Regelmäßiges Thema der Compliance-Diskussion sind Aufgaben, Pflichten und Haftungsrisiken des Compliance-Beauftragten und der den Compliance-Pflichten unterliegenden Unternehmensorgane (siehe auch das Editorial „Der CCO auf der Anklagebank“ von Dr. Katharina Hastenrath und Dr. Sylvia Fuchs in Heft 3/2020 des Compliance-Beraters).
Aber was ist eigentlich mit dem Rechtsanwalt, der Unternehmen, Organe und Compliance-Beauftragte bei der Einrichtung eines Compliance-Management-Systems, bei der Aufklärung von Verstößen und in Haftungsfragen berät?
Diese Frage wird hier nicht ohne Grund gestellt und zielt auf das anwaltliche Selbstverständnis ab – und die Erwartungen von Mandanten an ihre Rechtsanwälte und deren Integrität. Nach Durchsuchungen in diversen Kanzleien im Zusammenhang mit unternehmensinternen Ermittlungen wird nun in Sachen „cum-ex“ gegen zahlreiche Rechtsanwälte ermittelt. Dies soll Gelegenheit geben, über die Rolle des Rechtsanwalts als Berater in Compliance-Fragen nachzudenken.
Der Blick ins Gesetz erleichtert die Rechtsfindung. § 1 Bundesrechtsanwaltsordnung (BRAO) hilft, indem er sagt: „Der Rechtsanwalt ist ein unabhängiges Organ der Rechtspflege.“ Ist er das? Nun ja, er soll den Interessen des Mandanten dienen, er ist ja der „Fürsprecher“ des Mandanten. Zugleich soll (und muss) er sich seine Unabhängigkeit bewahren. Dazu gibt § 43a Abs. 1 BRAO vor, der Rechtsanwalt darf keine Bindungen eingehen, die seine berufliche Unabhängigkeit gefährden.
Richtig und wichtig – aber auch realistisch?
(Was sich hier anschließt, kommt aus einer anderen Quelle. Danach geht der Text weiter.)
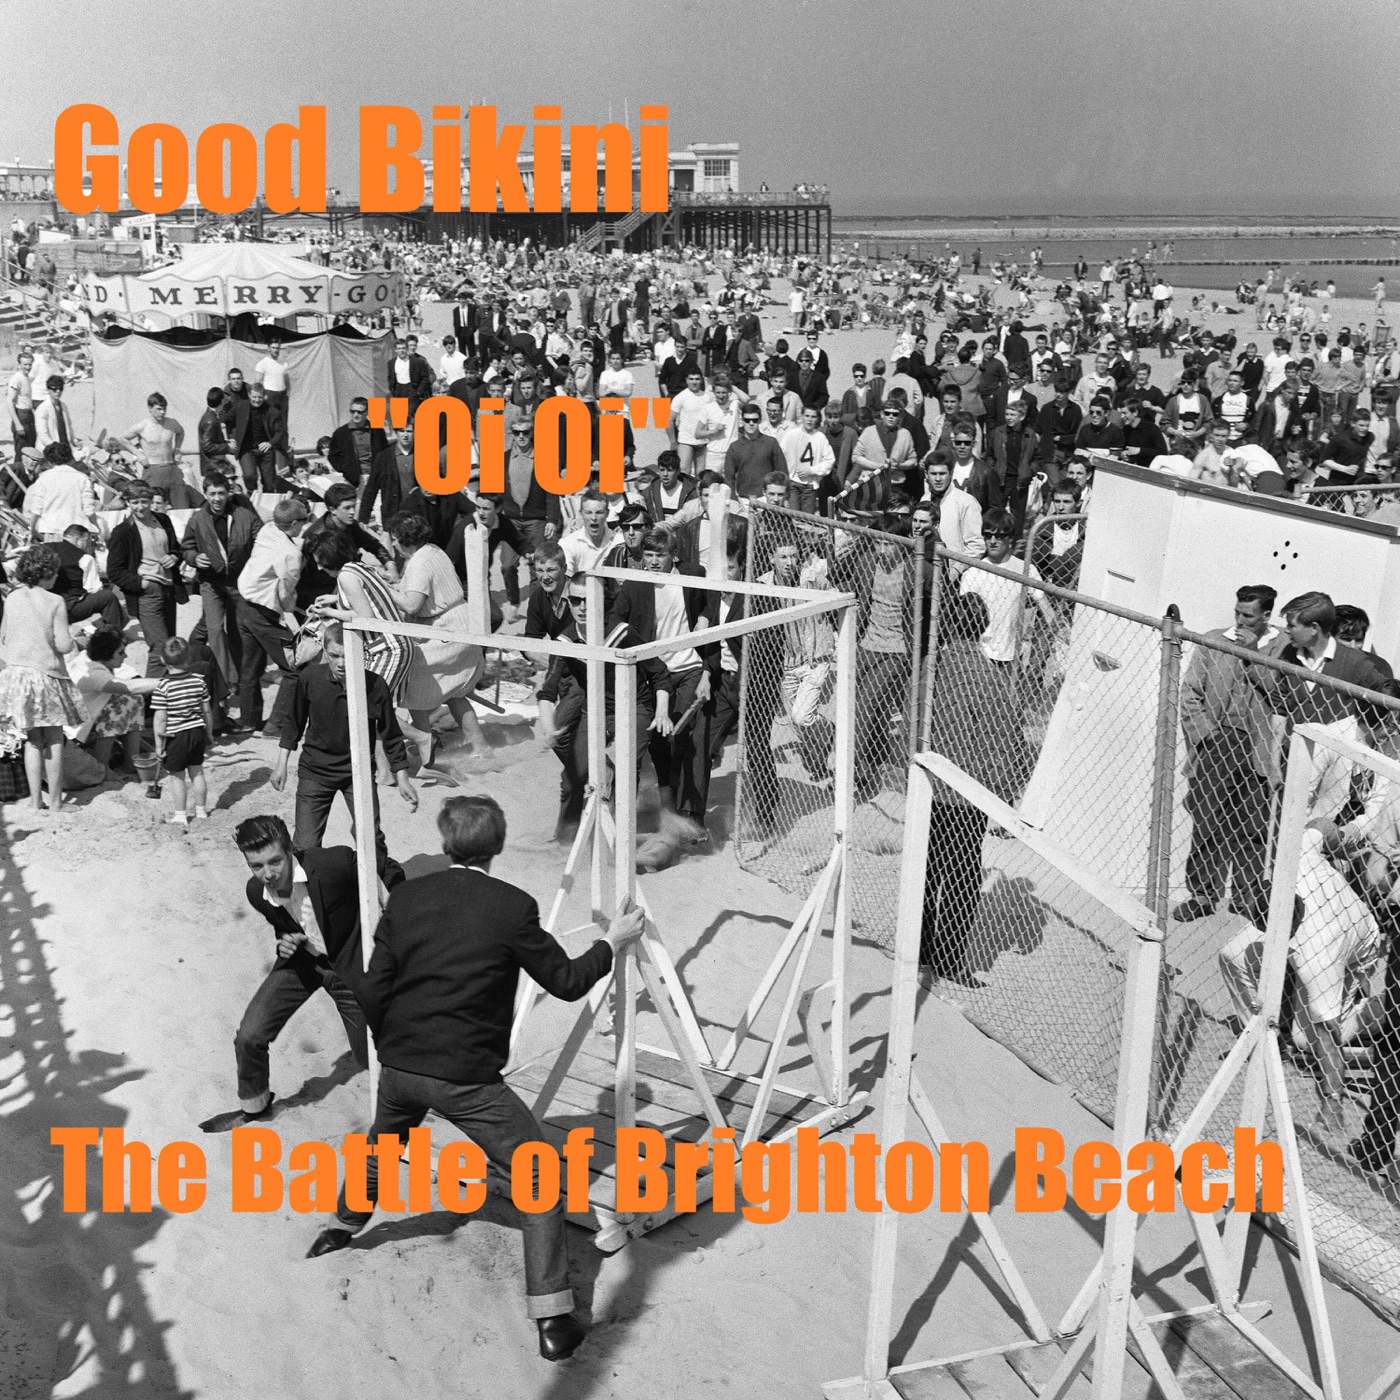 Oi Oi (The Battle of Brighton Beach) by Good Bikini

Es ist eine romantische und TV-Serien geschuldete Vorstellung, dass Rechtsanwälte vor allem der Gerechtigkeit verpflichtet sind. Denn das sind sie nicht, über Richtig und Falsch entscheidet der Richter. Der Rechtsanwalt ist parteiisch, er soll und muss es sein, denn er vertritt die Interessen seines Mandanten. Das ist seine Rolle in einem Rechtsstaat. Dabei berät und empfiehlt er den sichersten Weg. Was der beratene Mandant aus diesem Rat tatsächlich macht, ist dessen Sache. Es sei denn, die Schwelle zur Beihilfe zu einer Straftat wird überschritten.
Führen die jüngsten Vorfälle nun dazu, dass eine ganze Branche in Verruf gebracht wird?
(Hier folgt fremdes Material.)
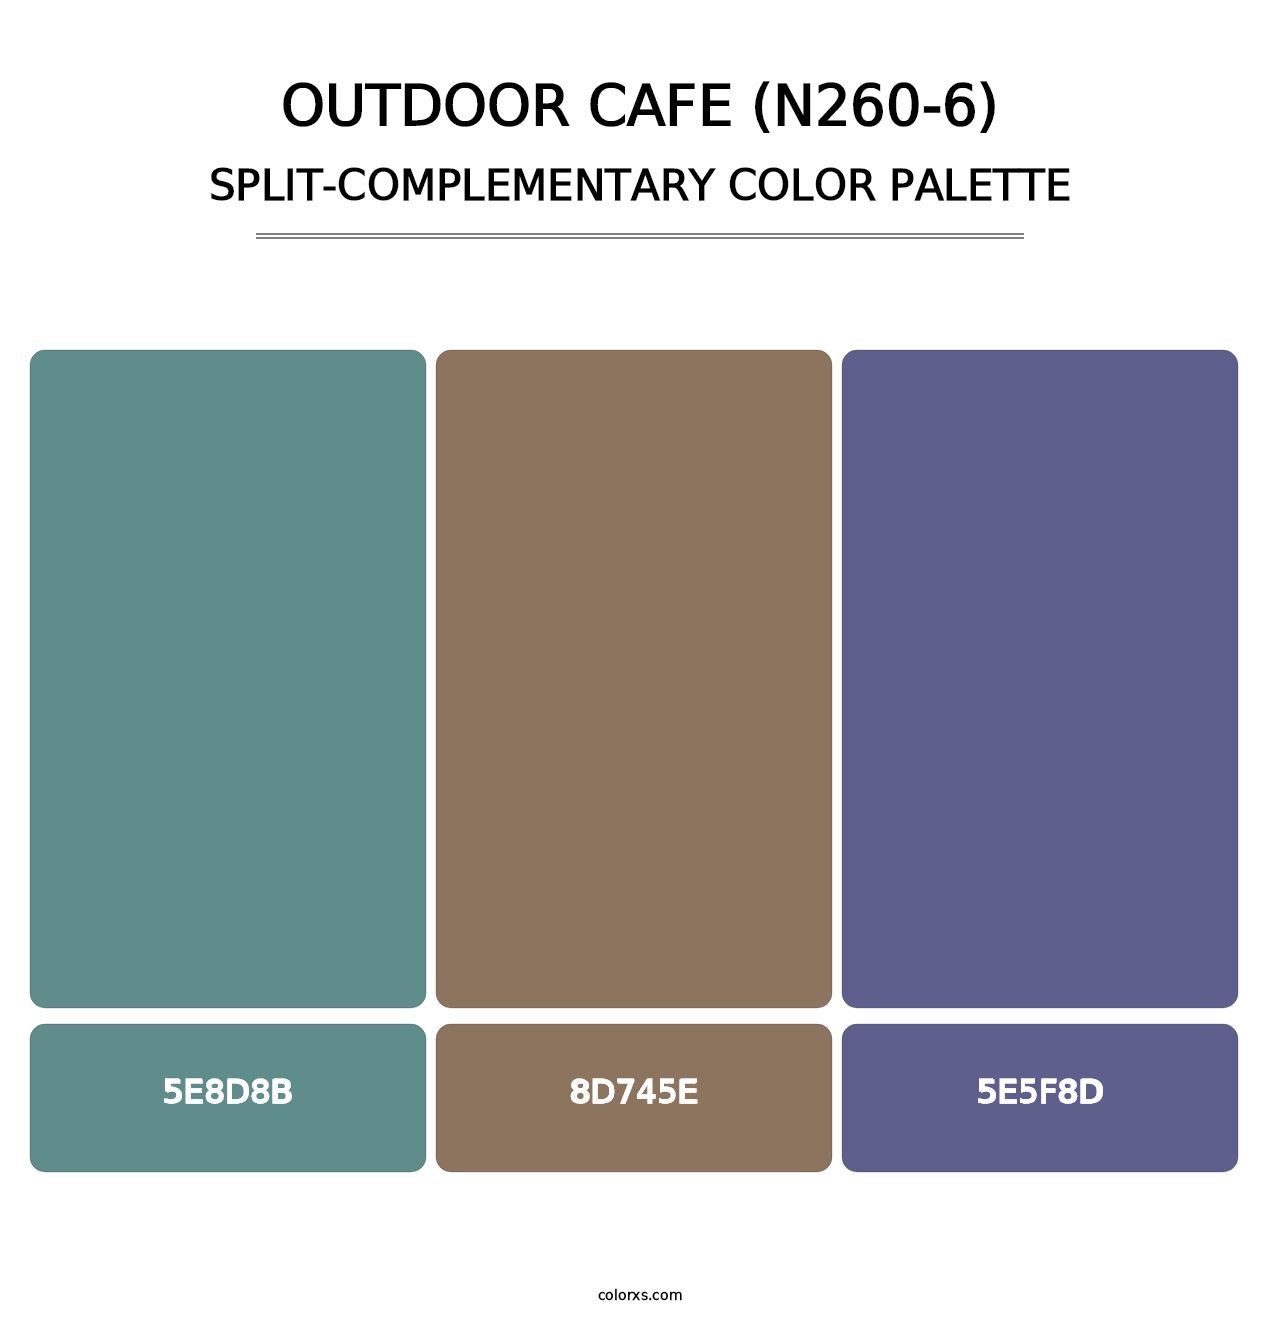 Outdoor Cafe (N260-6) - Split-Complementary Color Palette

Nein, gewiss nicht. Vielmehr sollten Unternehmen genauer und besser überlegen, was sie von ihrem Rechtsanwalt erwarten. Vielleicht sollten sie dankbar sein, wenn der Rechtsanwalt sagt: „Nein, das geht so nicht!“. Auch Rechtsanwälte sollten sich stärker ihrer Funktion und Position bewusstwerden und den Wert eines „Nein“ für sich und auch den Mandanten wertschätzen. Einige Großkanzleien haben nicht zu Unrecht von der cum-ex-Beratung abgesehen. Umsatz allein rechtfertigt nicht alles.
Was bedeutet das für den Rechtsanwalt in Sachen Compliance? Und den Compliance-Beauftragten, der insoweit beraten wird?
Gerade in Sachen Compliance sollte es für den beratenden Rechtsanwalt besonders wichtig sein, auf die eigene Seriosität und Integrität Acht zugeben. Unternehmen erwarten hier einen Rechtsanwalt mit gesundem moralischem Kompass. Eben weil die Compliance-Beratung für den Rechtsanwalt häufig besondere und mitunter unerfreuliche Überraschungen bereithält, ist es wichtig, Grenzen nicht zu überschreiten. Das Risiko einer Beihilfe oder Mittäterschaft zu den einschlägigen Delikten sollte nicht unterschätzt werden. Gewiss ist es hilfreich und bequem, wenn der Rechtsanwalt bei der Beseitigung von schmuddeligen Themen Hilfe leistet. Doch sollten Compliance-Beauftragte und Geschäftsleitung sich sehr bewusst sein, dass eine anwaltliche Beratung, die nicht durch hohe Honorare korrumpiert wird, sondern von Unabhängigkeit geprägt ist und zugleich die Interessen des Mandanten wahrt, kaum zu überschätzen ist und für alle Beteiligte einen nicht in Geld zu bemessenden Wert hat.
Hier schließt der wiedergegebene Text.